Breads from SFCT were grouped depending on their main type of flours e.g. white bread, granary bread, whole grain/meal wheat bread, sifted rye breads containing both rye and wheat flour, whole meal/grain rye breads and yeast fermented crisp bread with sourdough or non-leavened, non-yeast crisp bread. Content of yeast or sourdough was one of the main factors to take into account in the matching as fermentation is known to influence the fructan value . A white bread in Sweden generally contains wheat flour, water, wheat gluten, yeast, with or without sourdough, and differs slightly from the Australian bread which often contains added soy flour . The ingredients were matched to the description of bread type in published data and/or the company’s website to see the type of ingredients and type of flours in the product and the mean value was assigned, such as the values for gluten-free breads from Whelan  and Biesiekierski .

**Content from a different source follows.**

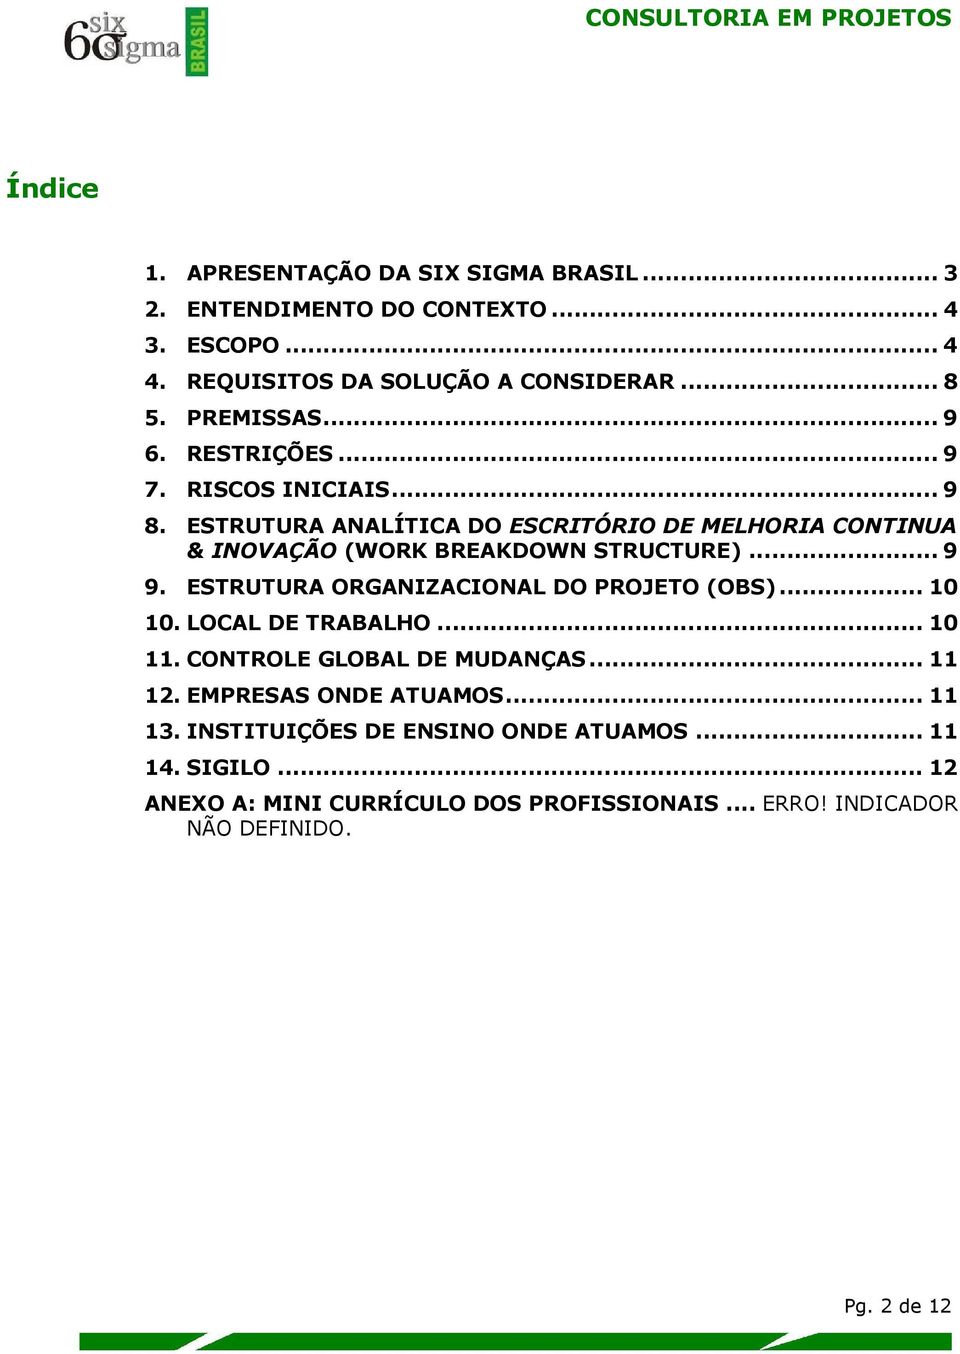 ESTRUTURA ANALÍTICA DO ESCRITÓRIO DE MELHORIA CONTINUA & INOVAÇÃO (WORK BREAKDOWN STRUCTURE)... 9 9. ESTRUTURA ORGANIZACIONAL DO PROJETO (OBS)... 10 10.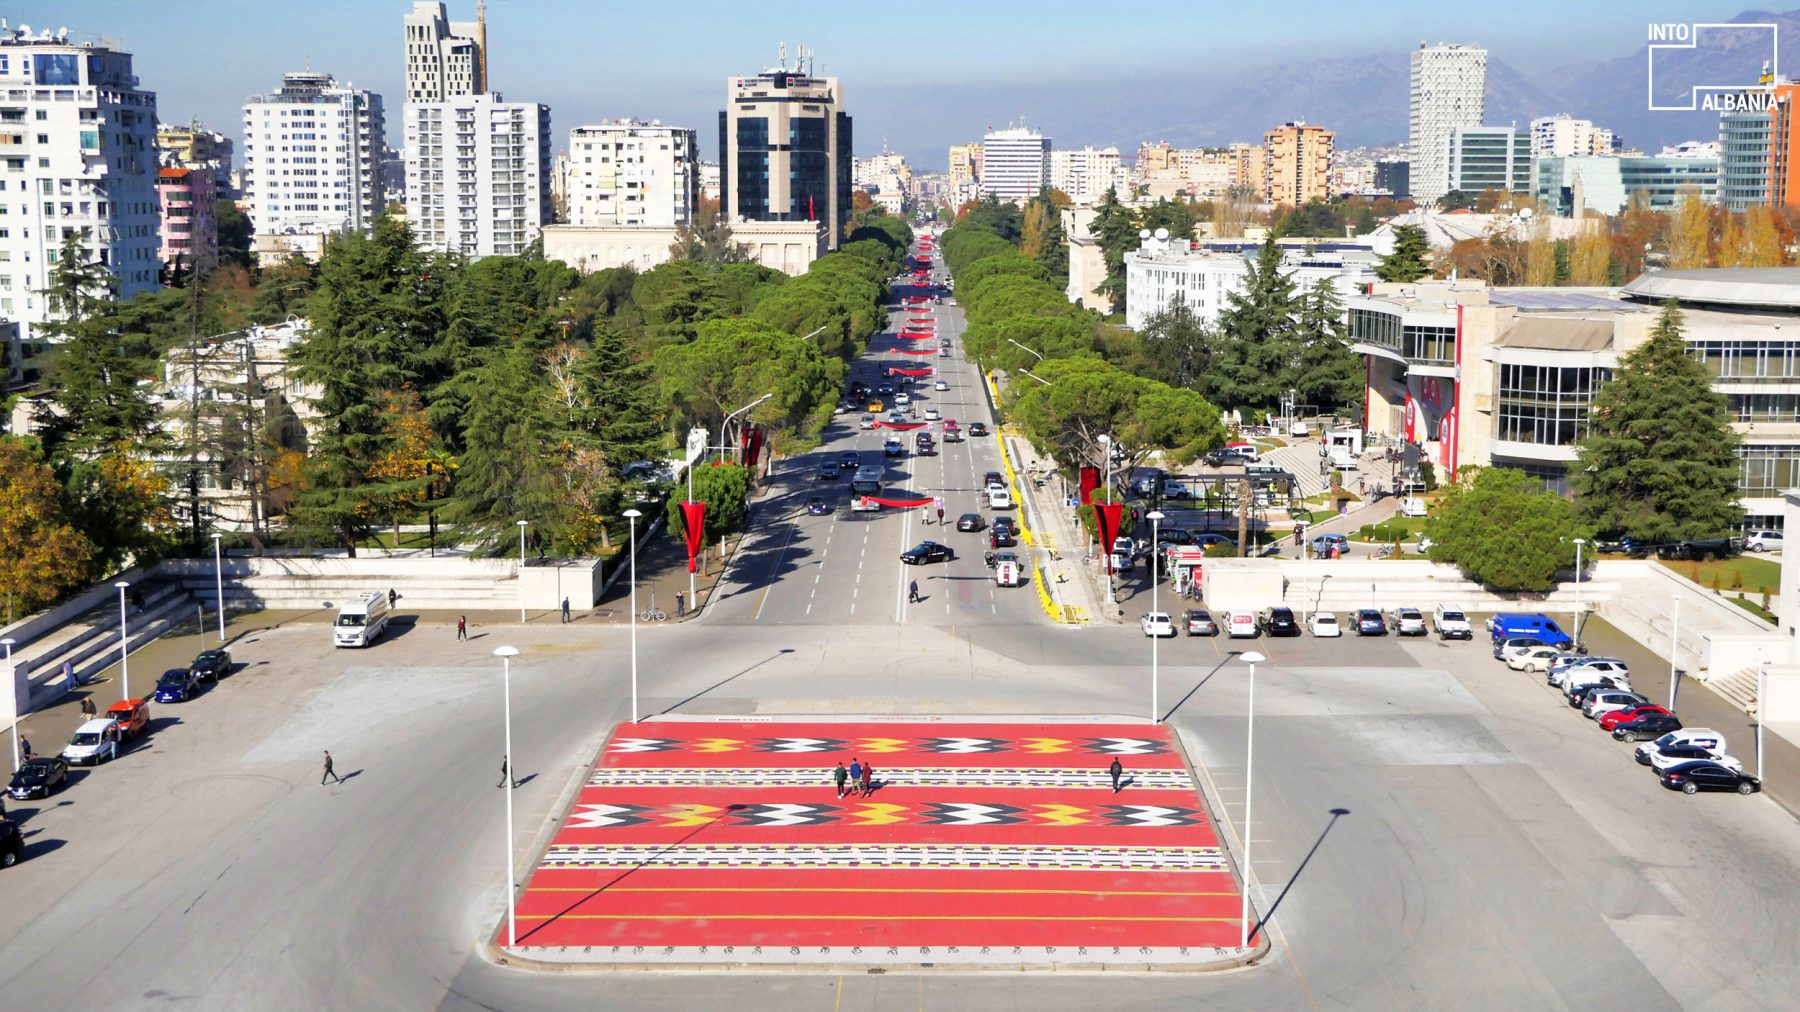 The New York Times: Vizitoni Tiranën, kryeqytetin ku përplasen epoka të ndryshme

The majority of the analyzed Australian cereals and muesli came from large multinational companies that are sold internationally, e.g. Kellogg’s cornflakes, Weetabix, All-Bran and Rice Crispies. Other cereals and muesli was matched based on the description of the product , especially noting if the muesli contains dried fruit which is the main source of fructose in the food item. The same procedure was used for biscuits.
The values for composite foods containing wheat flour were calculated with 1.3 g of fructan/100 g wheat flour, the mean value from three wheat cultivars analyzed in Sweden .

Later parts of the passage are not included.